GH: Tricky and hard. I’m on the couch here, right?

I would say observant, hands-off, and maybe a tad too intellectual in how I react to the season and the grapes that we get. The result might not be immediately commercially consistent, or Brand-able, but I hope there is always a recognizable core in letting the wines be what they want to be in each case, because the sites they come from are so brilliant.

I want to get out of the way of things, so we have about as minimal handling and intervention as you can get away with. It seems like a lot of my winemaking influences have died recently. I try to tread as close as I can to approaches used by Jayer, de Montille and Robert Chevillon. I’ve probably mentally stolen something from about 20% of those profiled in Remington Norman’s Great Domaines of Burgundy. I also greatly admired the spirit and drive of Didier Dagueneau, the continued intellect, humour and honesty of Randall Grahm…and about a hundred other winegrowers who influence me in ways I can’t readily explain.

I’ve come to believe that winemaking should be the artful, playful misdirection of decay before death.

And so I’m not entirely sure how I feel about purely fruit-driven wines. I think wine is a food that must transubstantiate (in the non-religious manner) and should be greater than just cherries or raspberries or plums or blueberries. Sure, these things should haunt in some way, and gambol about the mouth. But as part of a great theater troupe. We don’t expect cheese to taste like milk, or bread to taste like wheat and yeast. We anticipate and enjoy a complexity, a changing, that is greater than the building blocks. And I’m leaning more to watching our wines develop a richness of texture, flavour complexity, mood – and provide surprise with food – that goes beyond the simple shorthand of fruit impersonations.

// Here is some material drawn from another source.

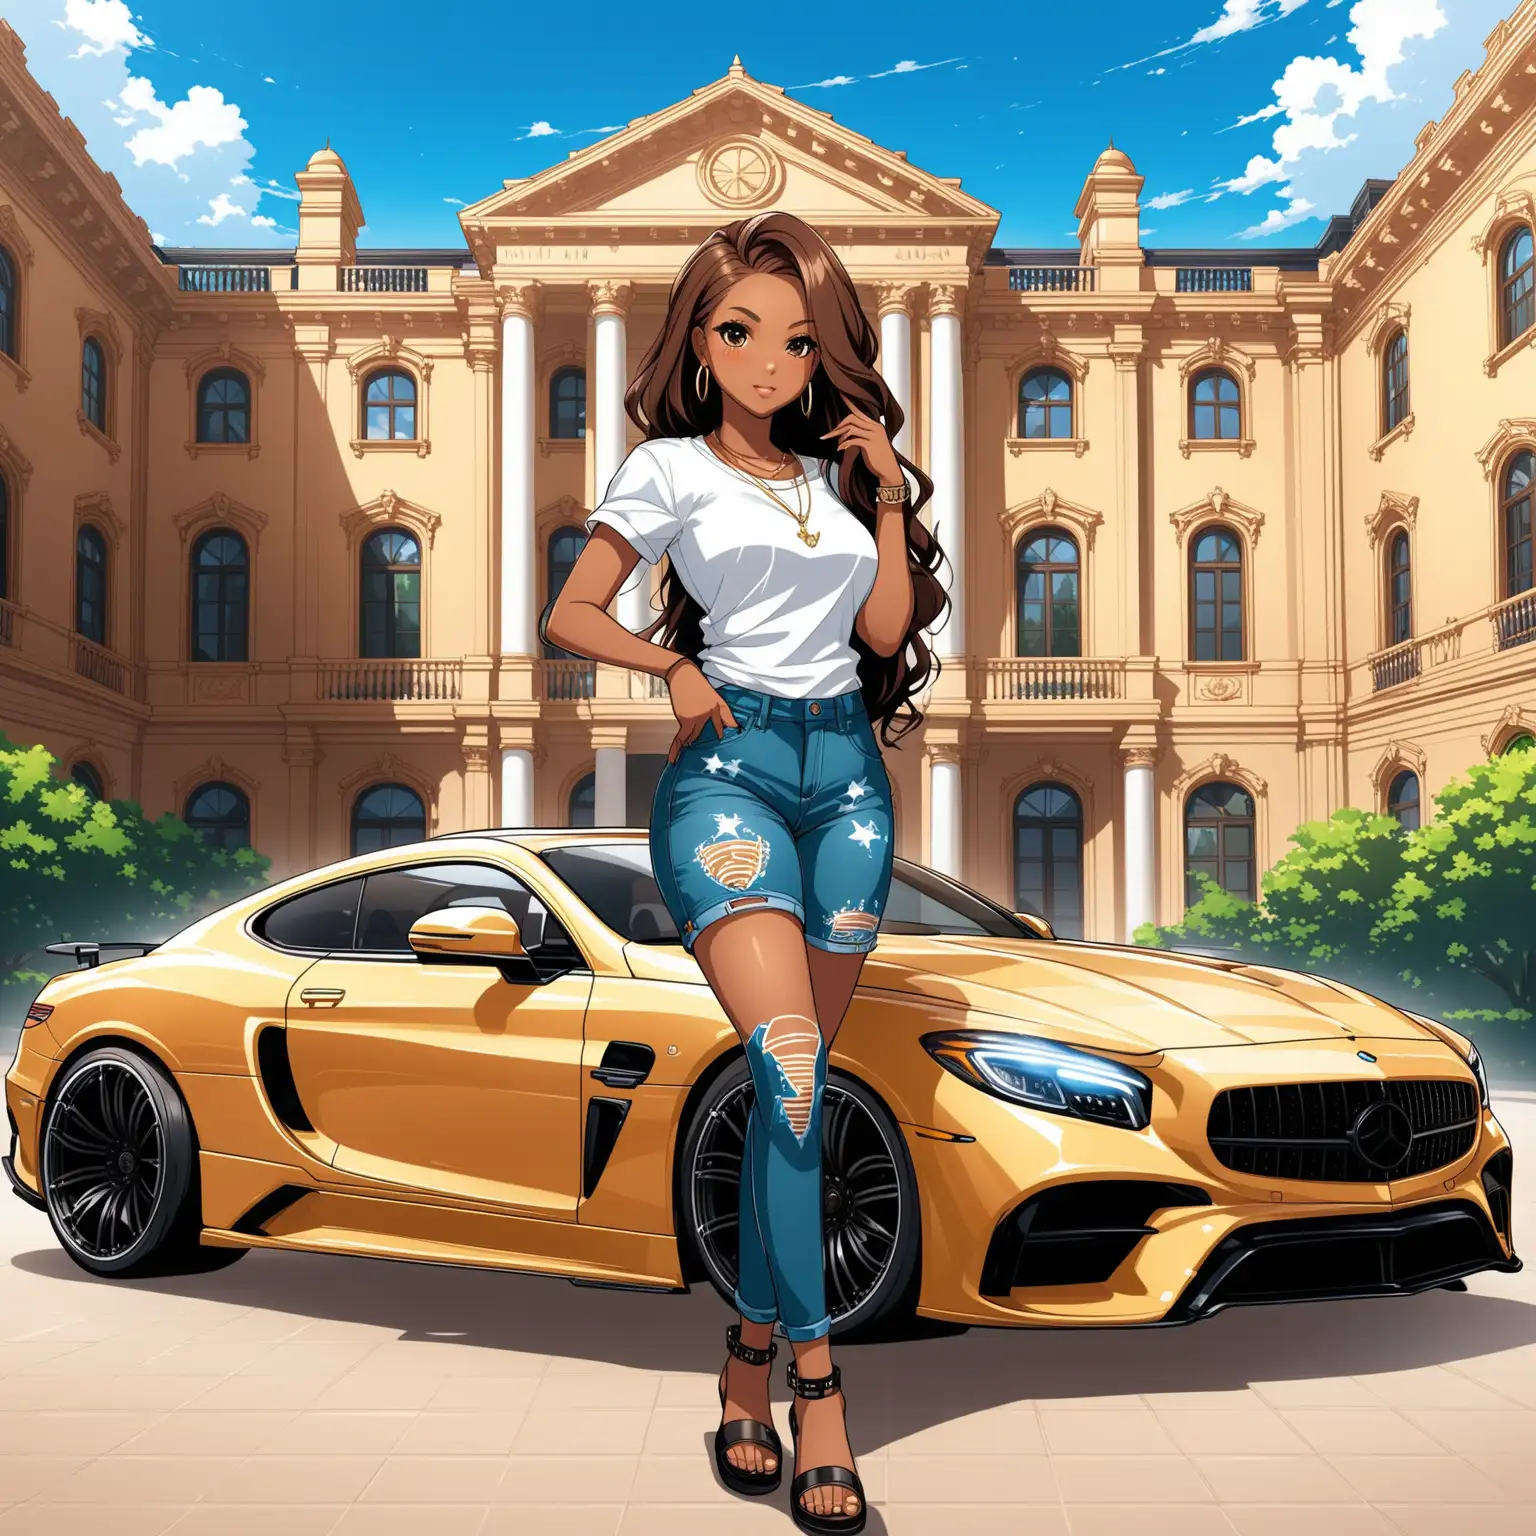 Urban American Girl Anime Logo in Mansion Setting with Luxury Vehicles

We’re all entertained by and admire a skillful mimic, but only to a point, and only for so long. It’s not much of a step up from making balloon animals.

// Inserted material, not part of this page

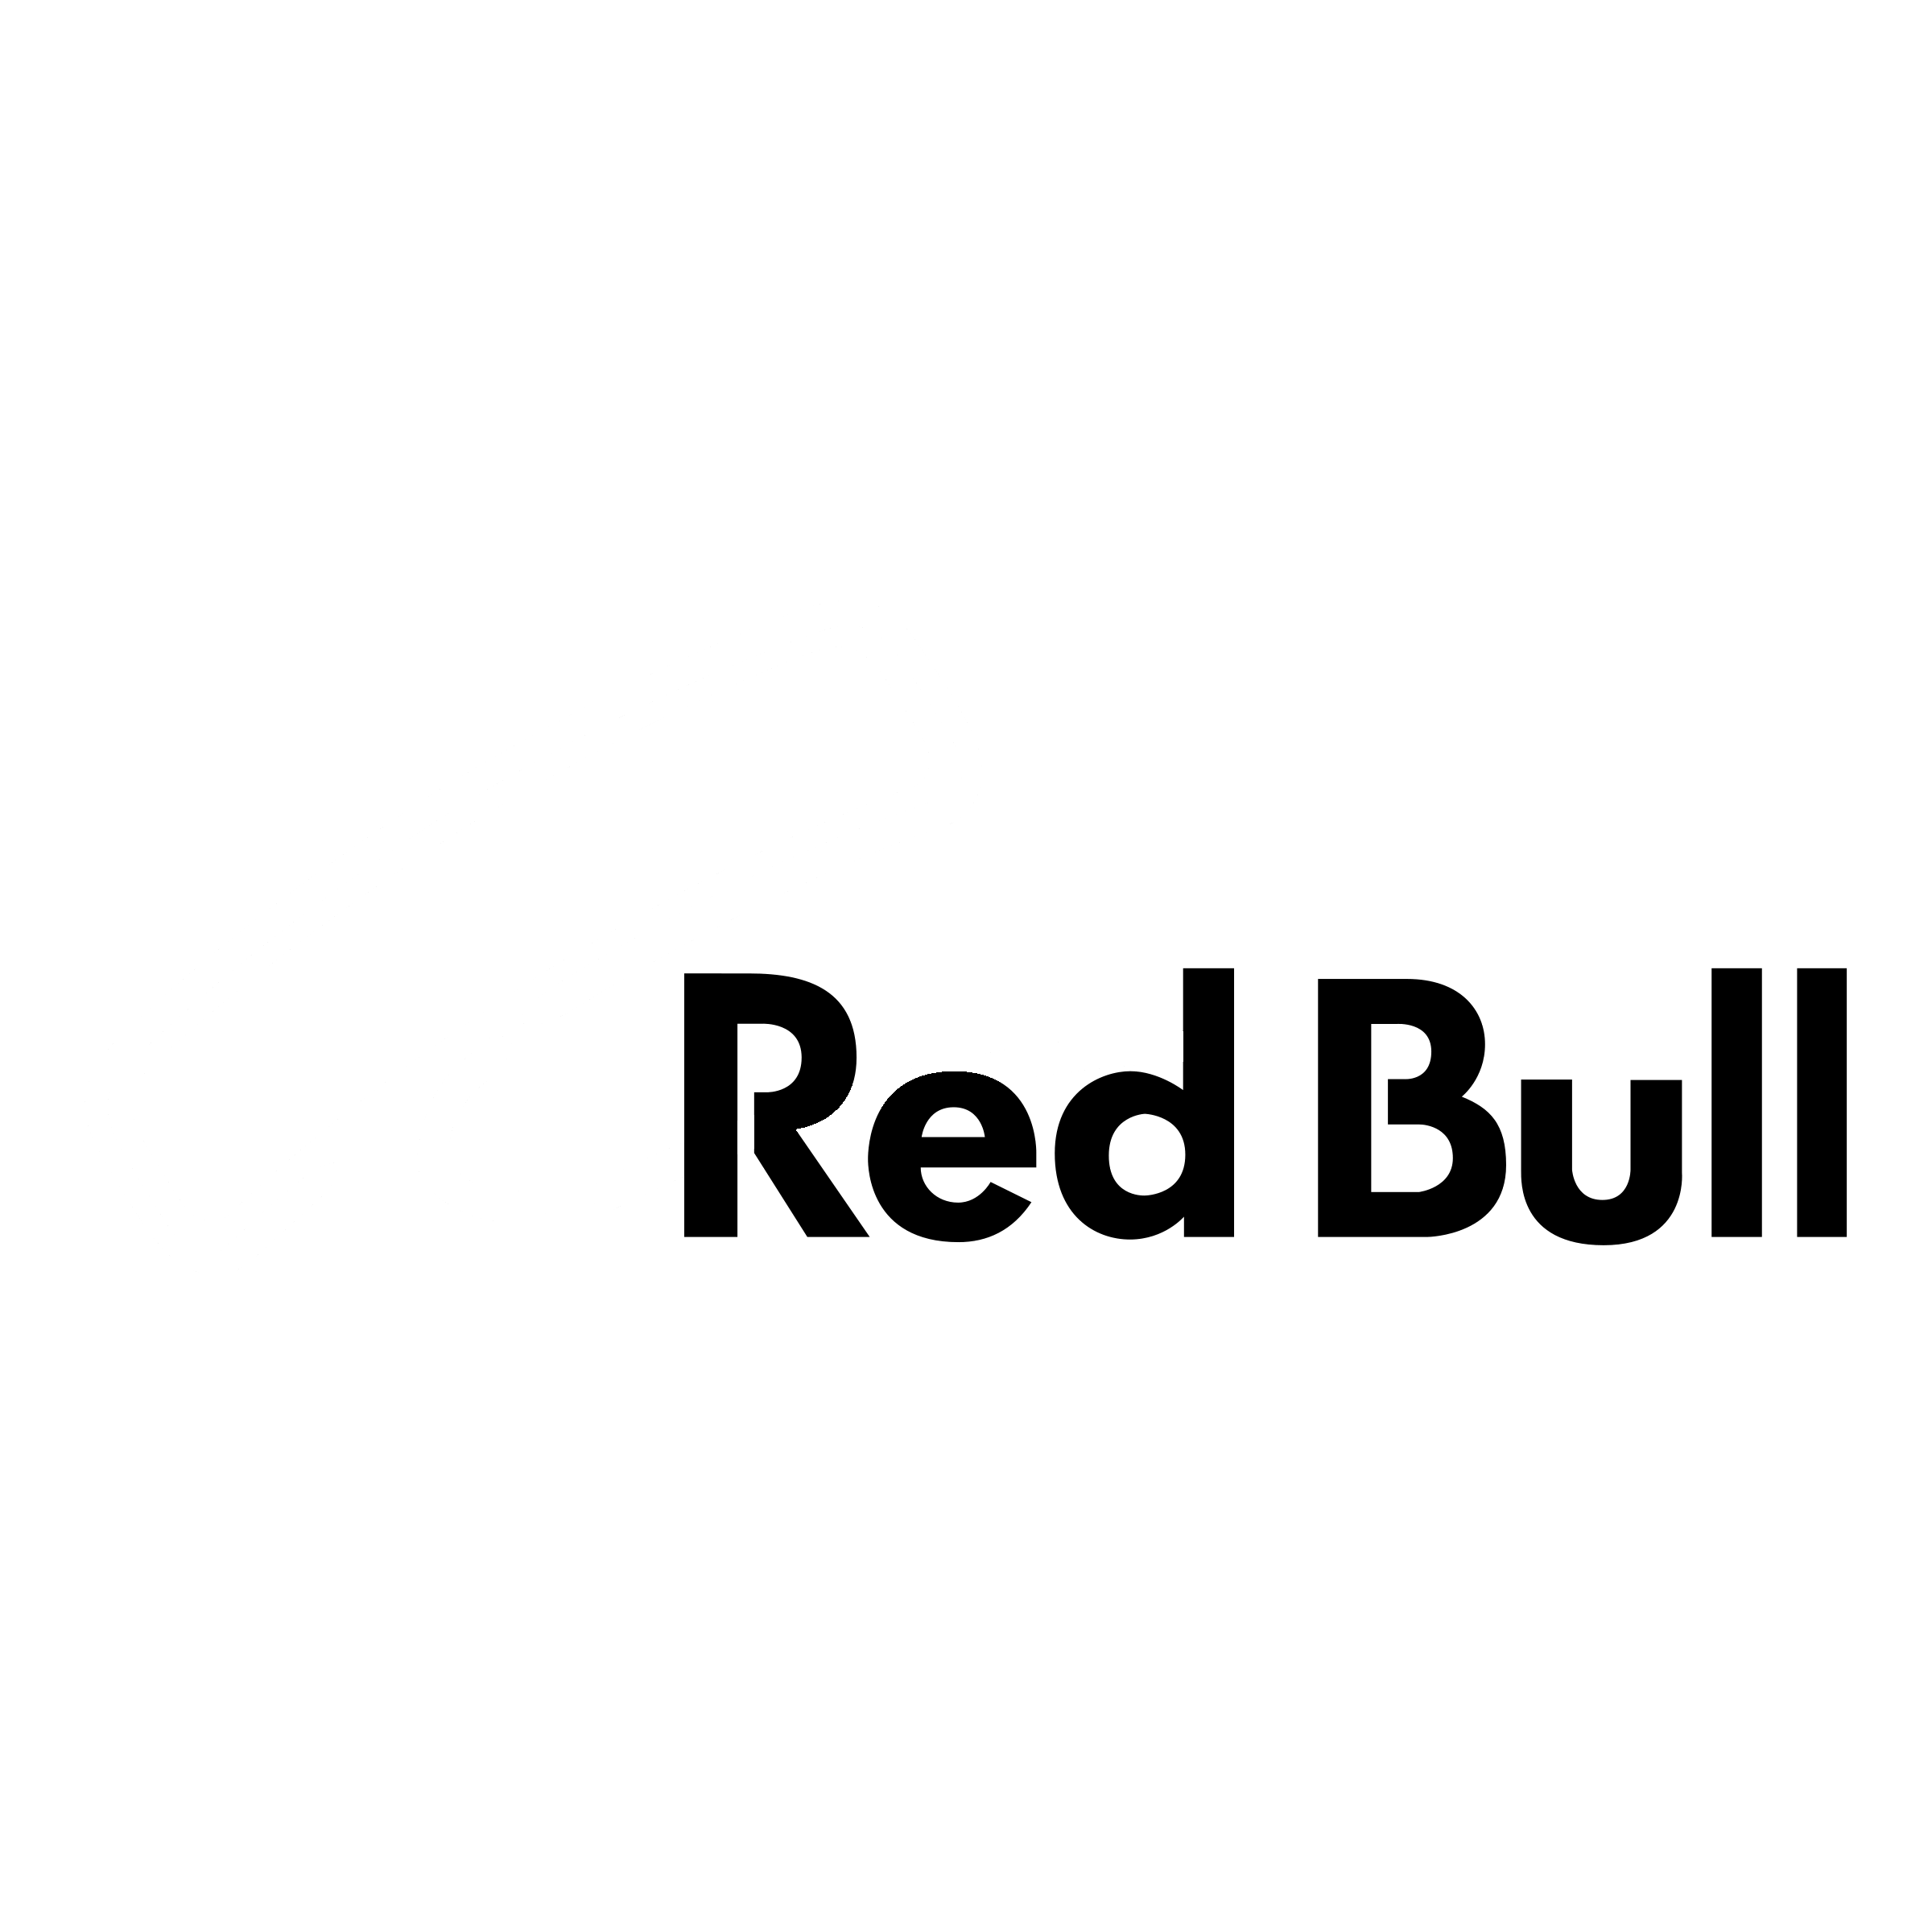 Black White and Red Bull Logo - Smirnoff Red Bull Logo PNG Transparent & SVG Vector - Freebie Supply

JD: When it comes to County Pinot Noir who do you feel is doing a particularly good job?

GH: James Lahti at Long Dog, Deborah Paskus at Closson Chase, Bruno Francois at Old Third (just licensed on Friday) I’d say have wines that excite and thrill me. Norm Hardy (eponymous) and Dan Sullivan at Rosehall Run also provide pinots in the top tier which I respect, but they don’t yet press my hedonistic and intellectual buttons, but that’s me. We all get wound up differently.

Gilbert Provost at Redtail will get there very quickly, as his vineyard decisions, method and heart are on the right path. Probably start hitting his stride this season forward.

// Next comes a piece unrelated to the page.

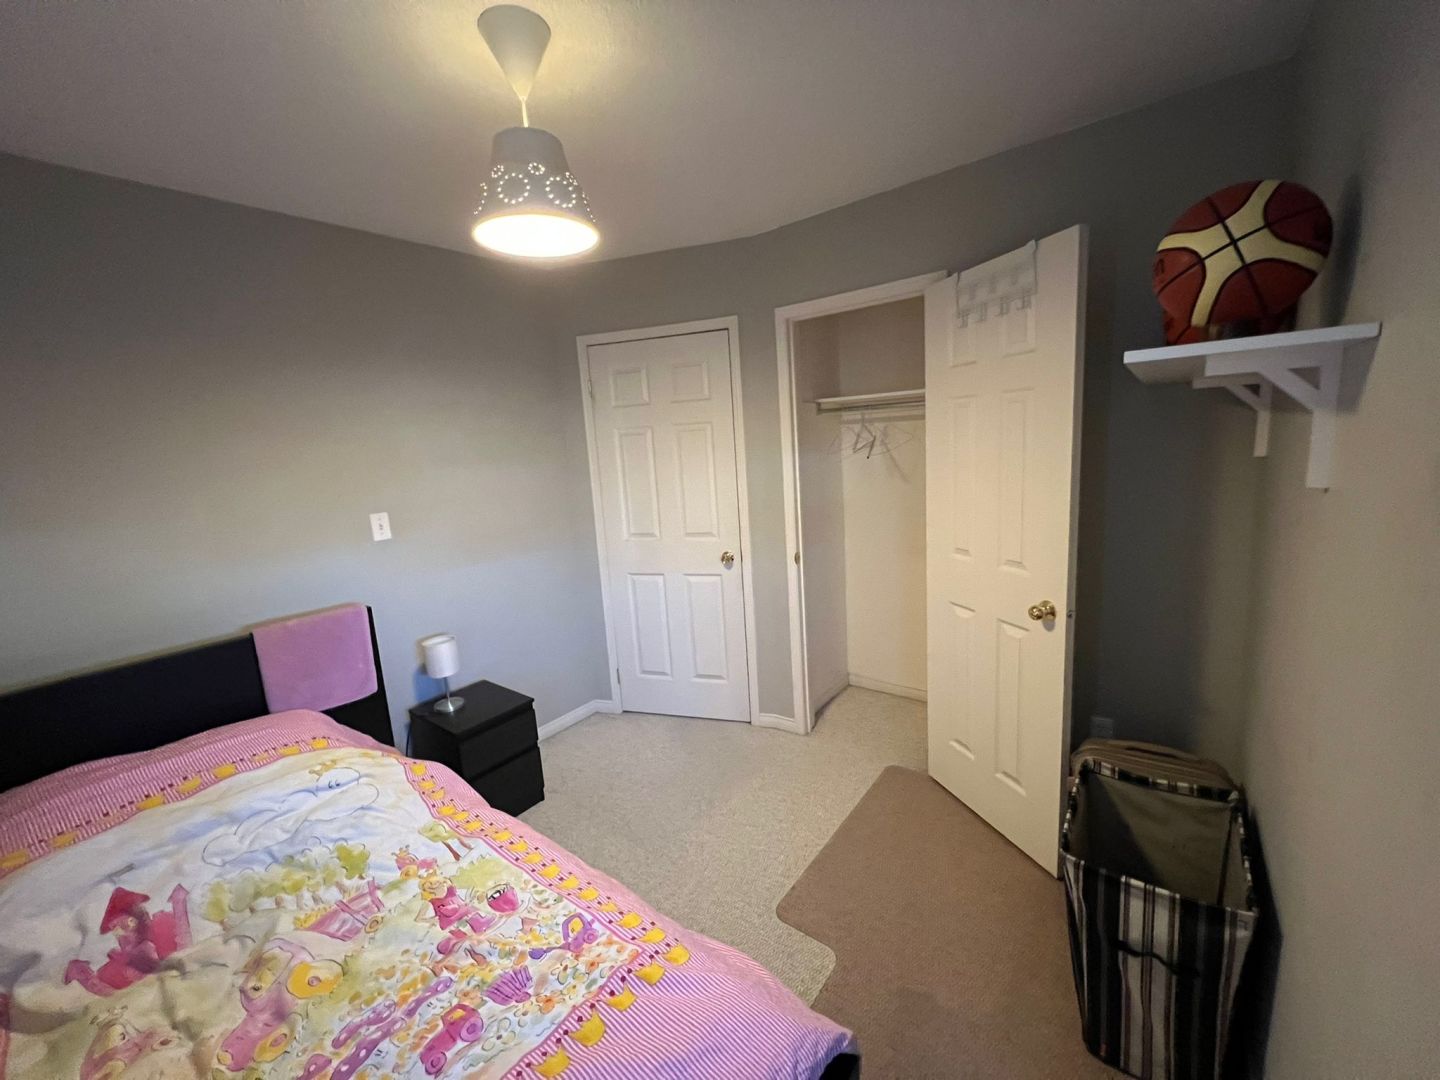 Premium Homestay Room - Torbarrie Rd, North York room for rent 55

Haven’t tried the recent releases from the Grange, nor the new current crop of wineries who are opening as we speak (Jonas’s stuff at Hinterland might be interesting), so that is all I can say. The list above is exactly the one I give when people ask me.

Edinburgh-born/Toronto-based Sommelier, consultant, writer, judge, and educator Jamie Drummond is the Director of Programs/Editor of Good Food Revolution… and he has always felt that St. Laurent would be the perfect grape for The County.